Come promesso, ecco la seconda parte del racconto che ha partecipato al concorso 3 narratori, organizzato dal blog Argonauta Xeno. Domenica posterò la conclusione, che trovate QUI, mentre QUI trovate la prima parte.
Buona lettura!
INDIFFERENZA
seconda parte
«Sei
sempre esistito?»
«Penso
di no, anzi son sicuro che prima di me c'era qualcun altro e prima
ancora lo stesso.
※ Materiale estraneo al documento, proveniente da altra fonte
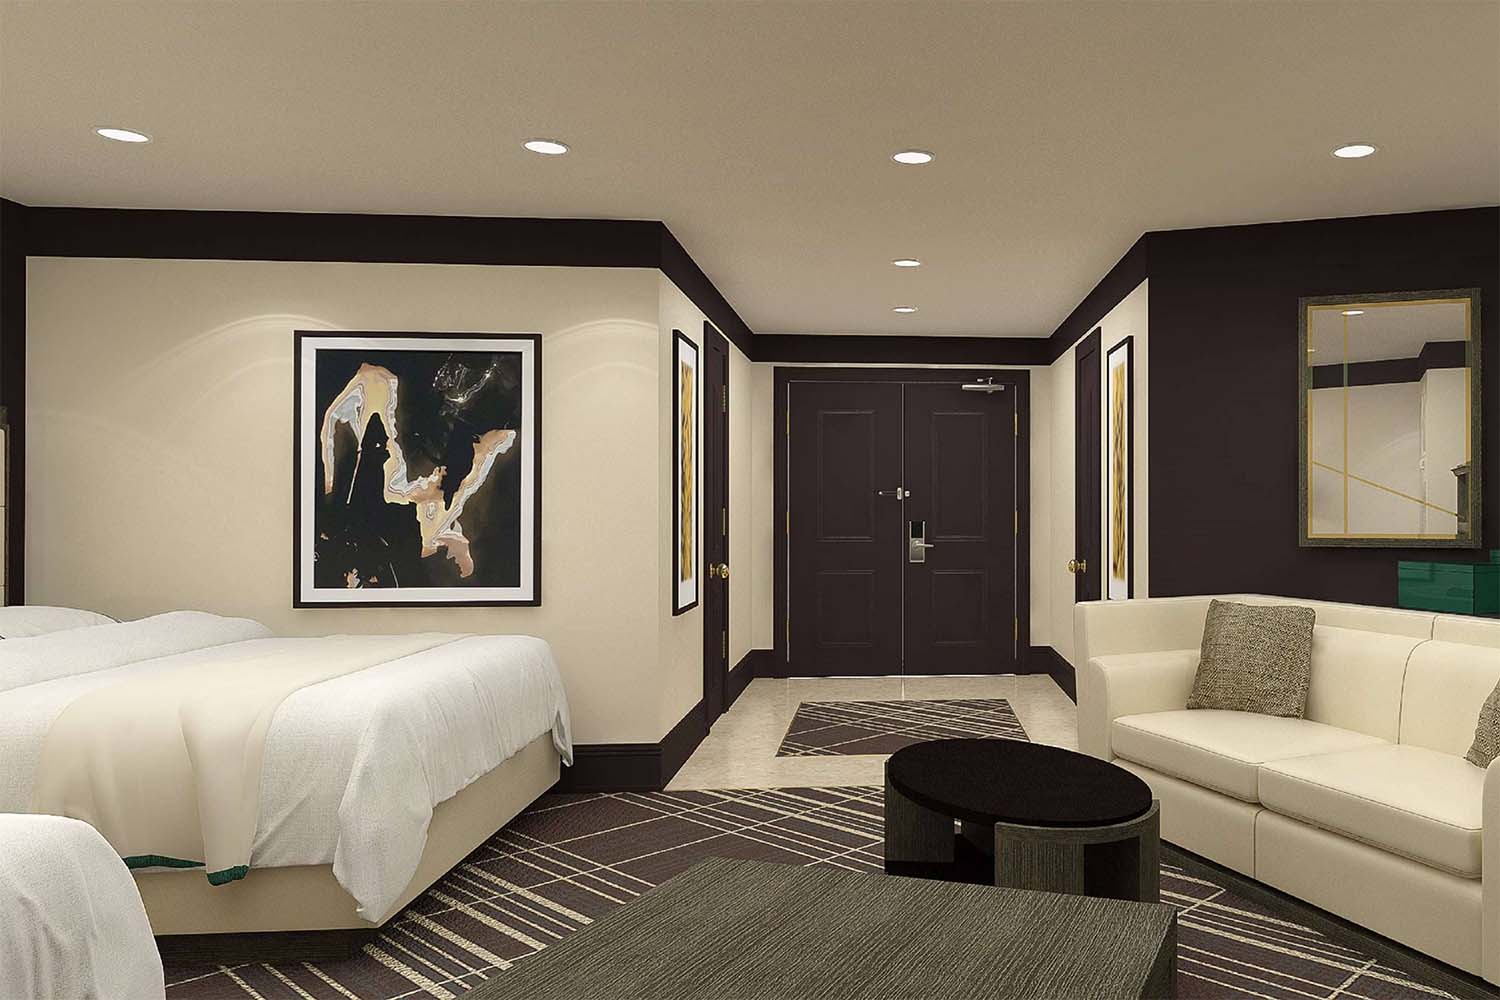 LV Bedding Sets Duvet Cover LV Bedroom Sets Luxury Brand Bedding Limited  Edition

Ci siamo sempre occupati di voi.
Tu insegni, la conosci la Storia, no?»
Giovanni
si agitò, le lenzuola zozze frusciarono furiosamente.
«Sai
anche che cosa faccio di lavoro?»
«Io
so molte cose su di te e su molta altra gente, tra l'altro.»
«Sei
un demone, allora!»
L'altro
rise, facendo sussultare la mascherina.
«I
demoni appaiono ai matti e tu non lo sei, anche se ti hanno messo qui
dentro.»
«Ma
forse sto ammattendo davvero, è per questo che ora sei qui.»
«Non
è detto che chi osserva certe cose sia pazzo, magari ci vede un po'
meglio degli altri.»
«Già,
io lo dicevo sempre a quelli, giù in paese. Ma io ero sempre quello
strano, quello che dava mille problemi a tutti, al Sindaco, ai
Carabinieri...»
L'altro
schioccò le dita.
«Trovato!
So come mi puoi chiamare.»
Si
mise una mano sul petto, avvolto nel camice sgualcito.
«Puoi
chiamarmi Indifferenza!»
«Ah,
la condizione di non scegliere mai nulla, come Don Giovanni. Seduceva
molte donne ma non ne ha mai amata una, perché una o l'altra gli
erano indifferenti.»
«Dunque
ci vuole un altro nome.»
«No,
credo di aver capito, Indifferenza ti calca a pennello, tu ti nutri
di quella, no?»
«Bravo,
te lo avevo detto che non eri stupido!»
«Di
me non frega niente a nessuno, ecco perché sono qui.»
«Hai
ragione solo in parte Giovanni, fuori da qui hai persone che ti
aspettano.»
«Dunque
tornerò da mia figlia, non morirò qui?»
L'altro
abbassò il capo e non rispose.
«Allora
sono davvero spacciato...»
«Dai,
non vuoi sapere quale è stato il mio momento di splendore?»
«Adesso?»
«No,
anche se in effetti negli ultimi due anni mi sono abbastanza
rimpinzato. È successo quasi
cento anni fa, dopo un brutto periodo di crisi, come questo di
adesso, in effetti. La gente pensava solo ai fatti propri e lasciava
che ad occuparsi delle cose fossero altri, più decisi e arrabbiati
di loro.»
«Parli
della Seconda Guerra mondiale.»
«L'avete
chiamata così? Beh in effetti è un nome abbastanza terribile e
coerente. Comunque sì, in quegli anni me la sono proprio spassata e
non solo io eh, anche i miei colleghi si facevano certe
scorpacciate!»
«Chi,
i Cavalieri dell'Apocalisse?»
«Ma
siete proprio bravi coi nomi, e come li avete chiamati?»
«Pestilenza,
Carestia, Guerra e Morte.»
«Già,
ma comunque nel tempo non son mancate altre occasioni, voi uomini
siete la nostra salvezza.»
«Ma
voi non siete la nostra! Sei un mostro, tu e gli altri!» disse,
dibattendosi sul letto, che si inclinò pericolosamente, sul punto di
ribaltarsi.
Due
infermieri accorsero, presero un'altra lettiga e la misero a
contrasto con quella di Giovanni, che farfugliava e boccheggiava,
ignorato.
Indifferenza
li additò entrambi e fece il gesto del pollice alzato.
Aspettò
che se ne fossero andati per dire: «Vedi? Funziona così, ad ogni
atto della loro indifferenza io ci guadagno qualcosa.»
«Avevo
capito.» rispose Giovanni, immobile.
Passarono
alcuni minuti, da una finestra con le sbarre un refolo di aria fresca
si insinuò nel corridoio afoso.
«Sai
una cosa, demone?»
«Sì?»
«In
vita mia mi son sempre battuto contro l'indifferenza, la
superficialità. Ho spesso odiato chi, ignorante, decide di
rimanerlo, magari con orgoglio.»
«Per
questo sei un insegnante.»
«Già,
spero di aver insinuato il dubbio nella roccaforte di grettezza di
molte famiglie.»
Una
specie di accesso di tosse, che terminò in una risata.